Exercise objective:
Make an exact copy of the data below, leaving out every picture.

___ Recorded data ___

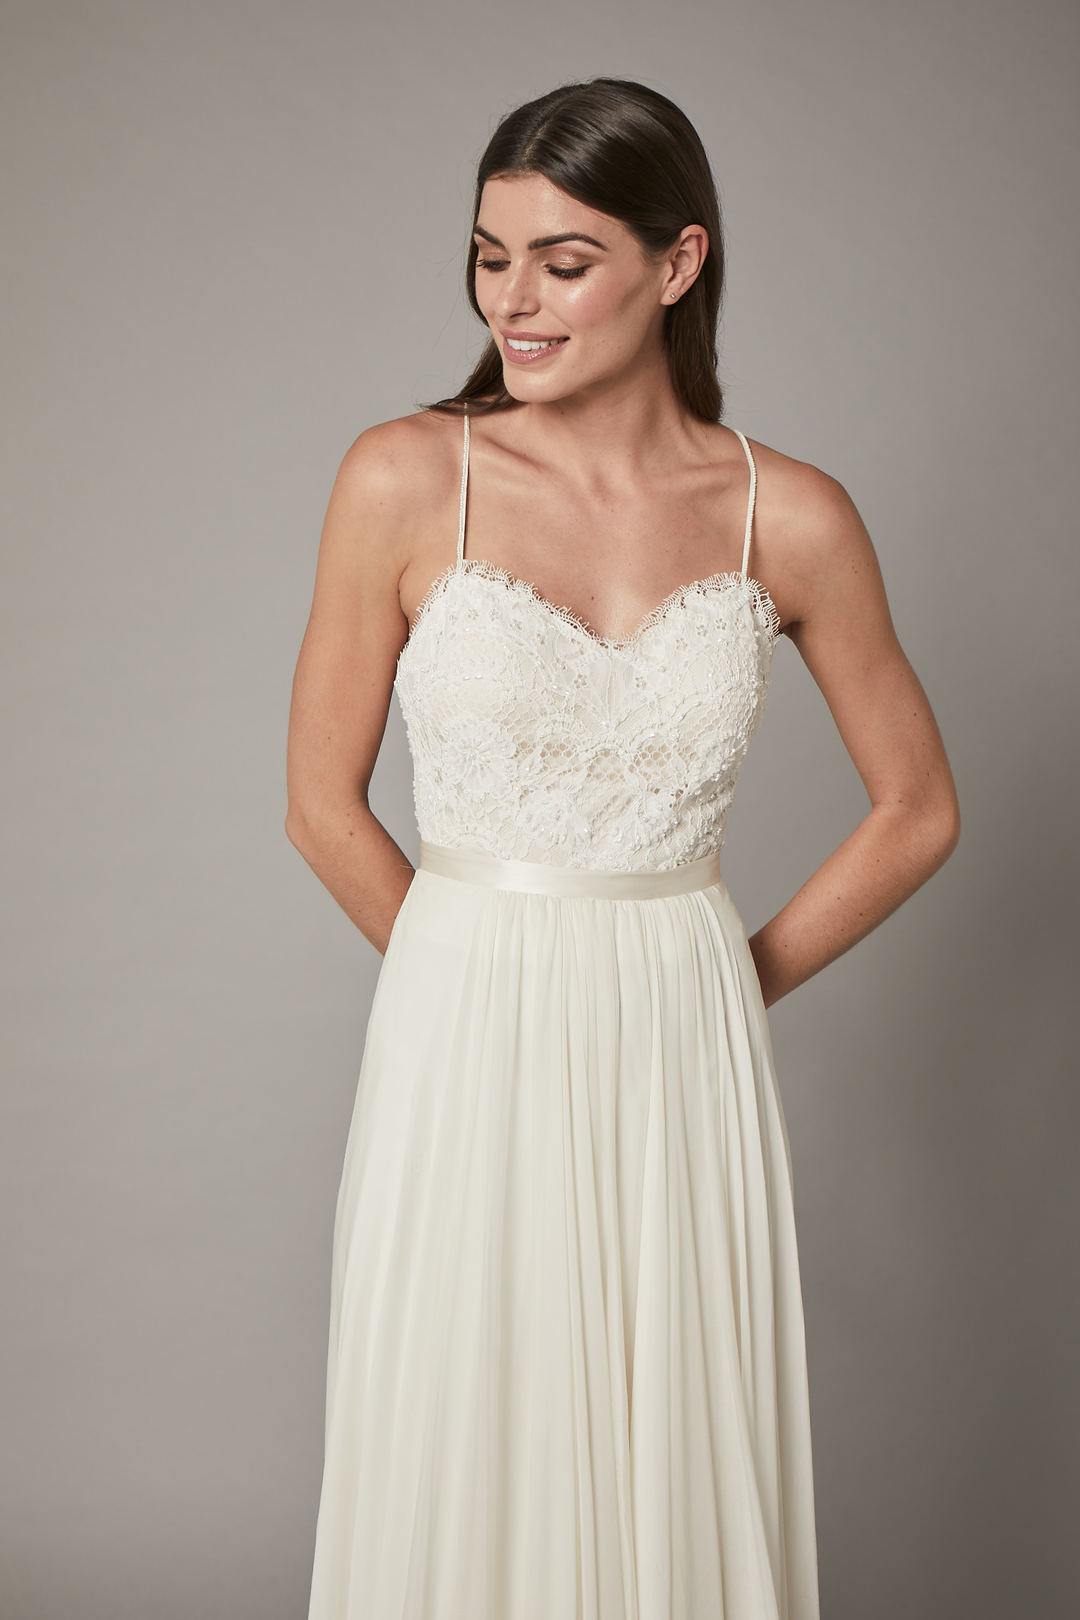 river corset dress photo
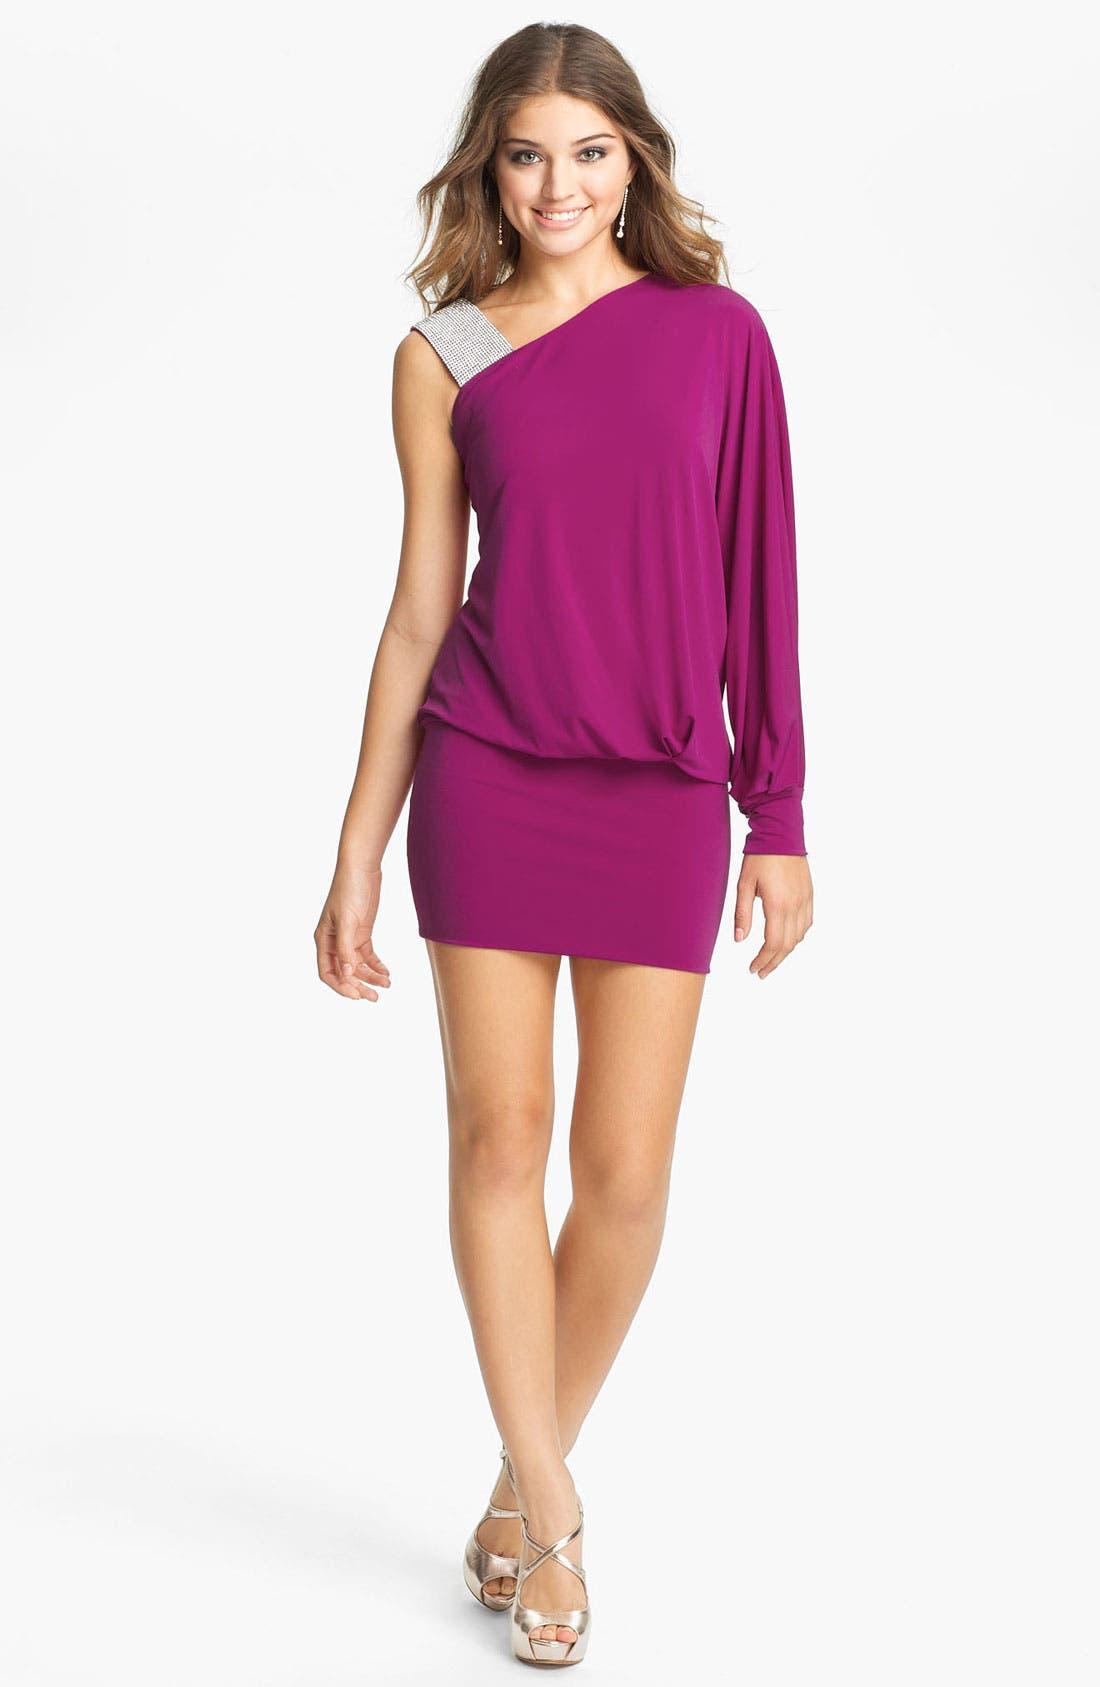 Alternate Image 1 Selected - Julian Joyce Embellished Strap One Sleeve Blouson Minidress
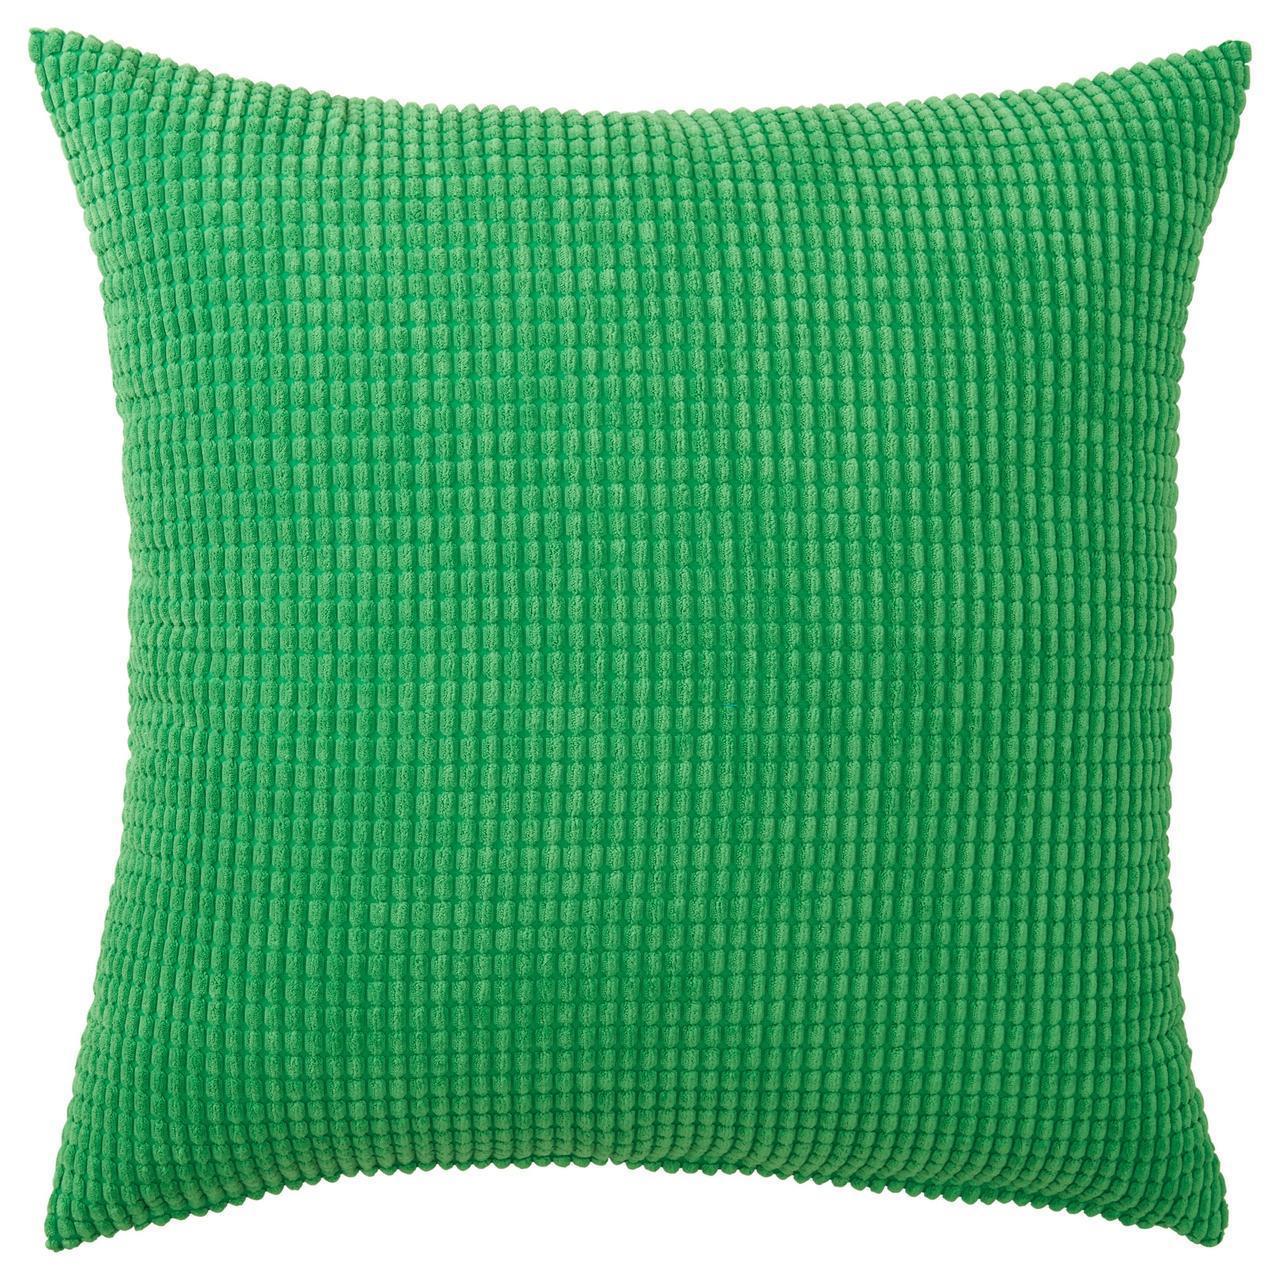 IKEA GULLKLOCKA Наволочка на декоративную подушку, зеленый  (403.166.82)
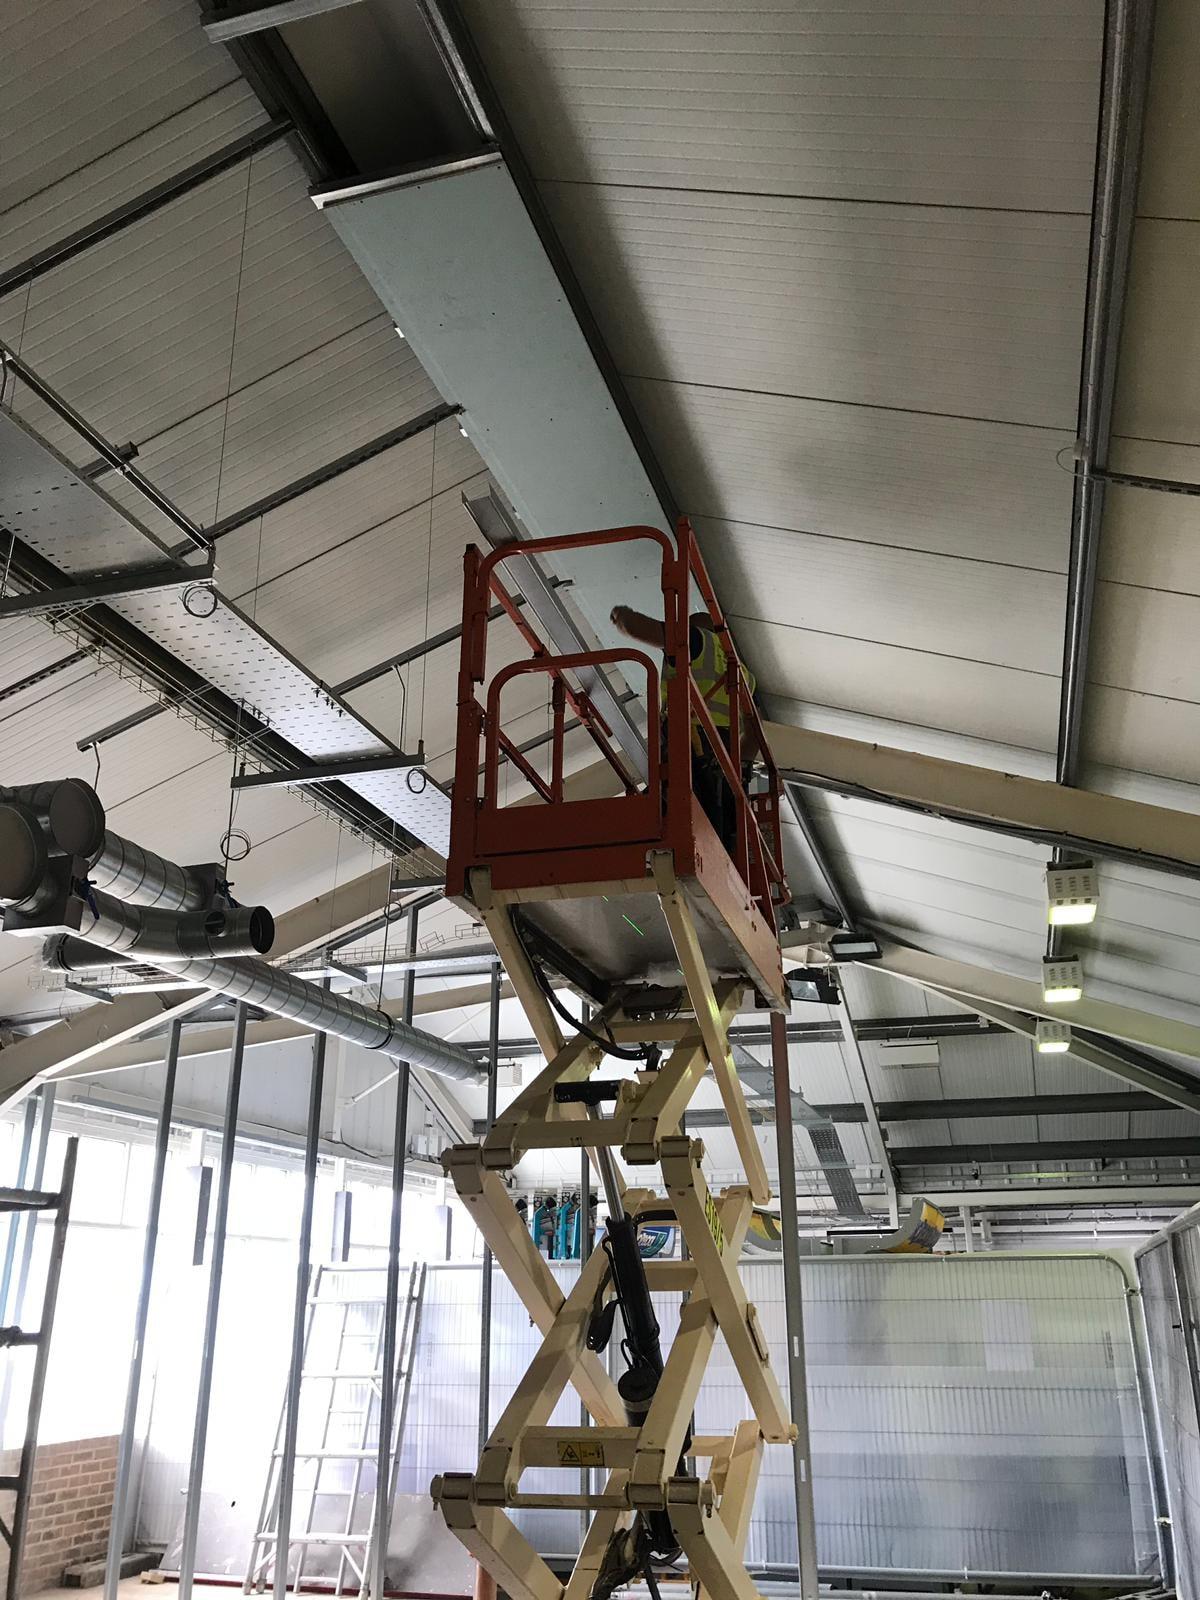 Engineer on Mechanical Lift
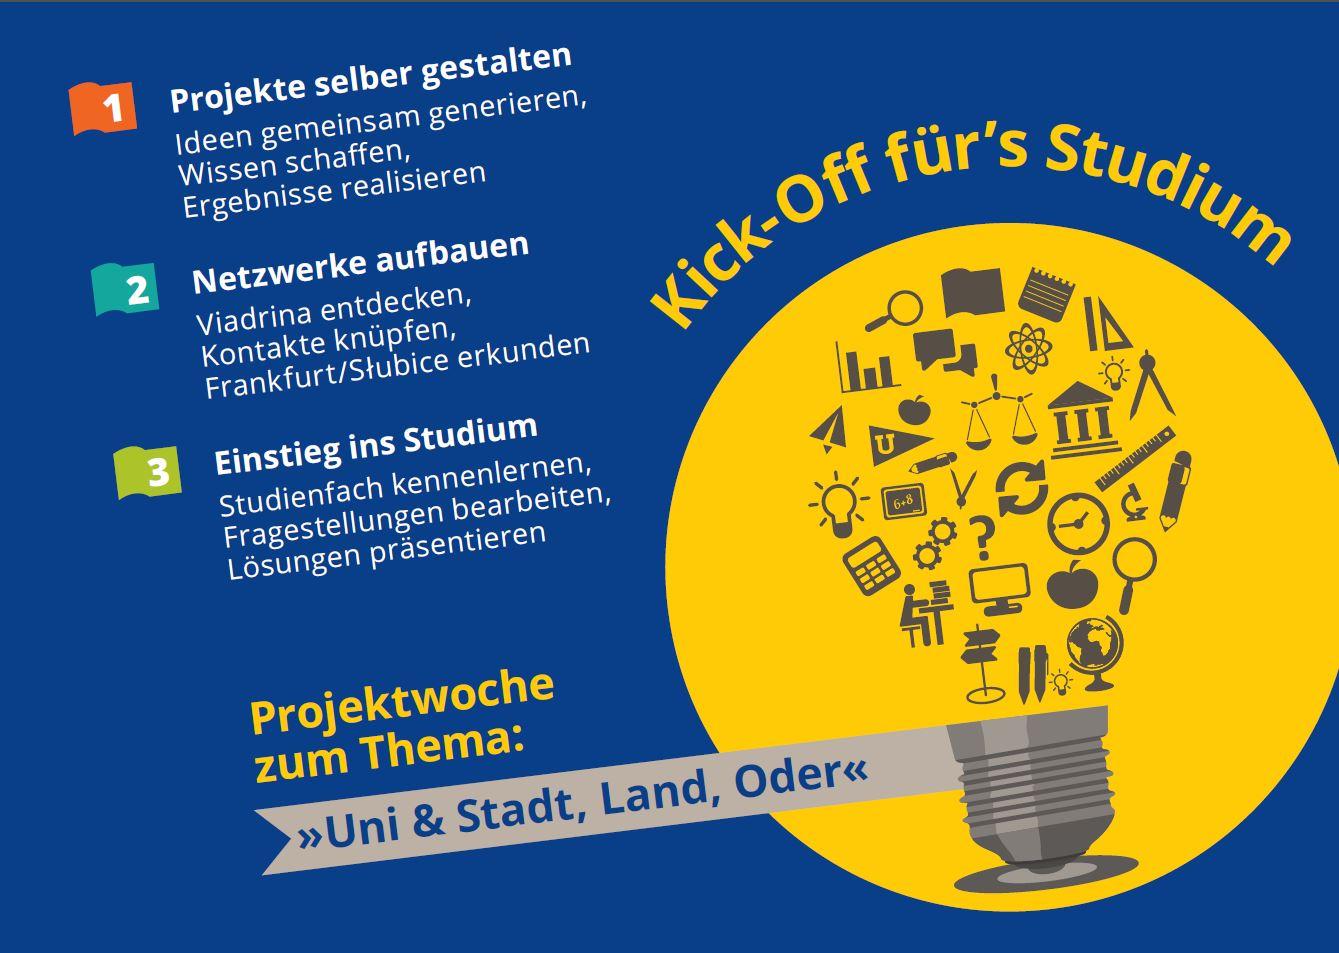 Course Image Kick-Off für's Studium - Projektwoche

___

Response to this exercise:
 river corset dress photo
 Alternate Image 1 Selected - Julian Joyce Embellished Strap One Sleeve Blouson Minidress
 IKEA GULLKLOCKA Наволочка на декоративную подушку, зеленый  (403.166.82)
 Engineer on Mechanical Lift
 Course Image Kick-Off für's Studium - Projektwoche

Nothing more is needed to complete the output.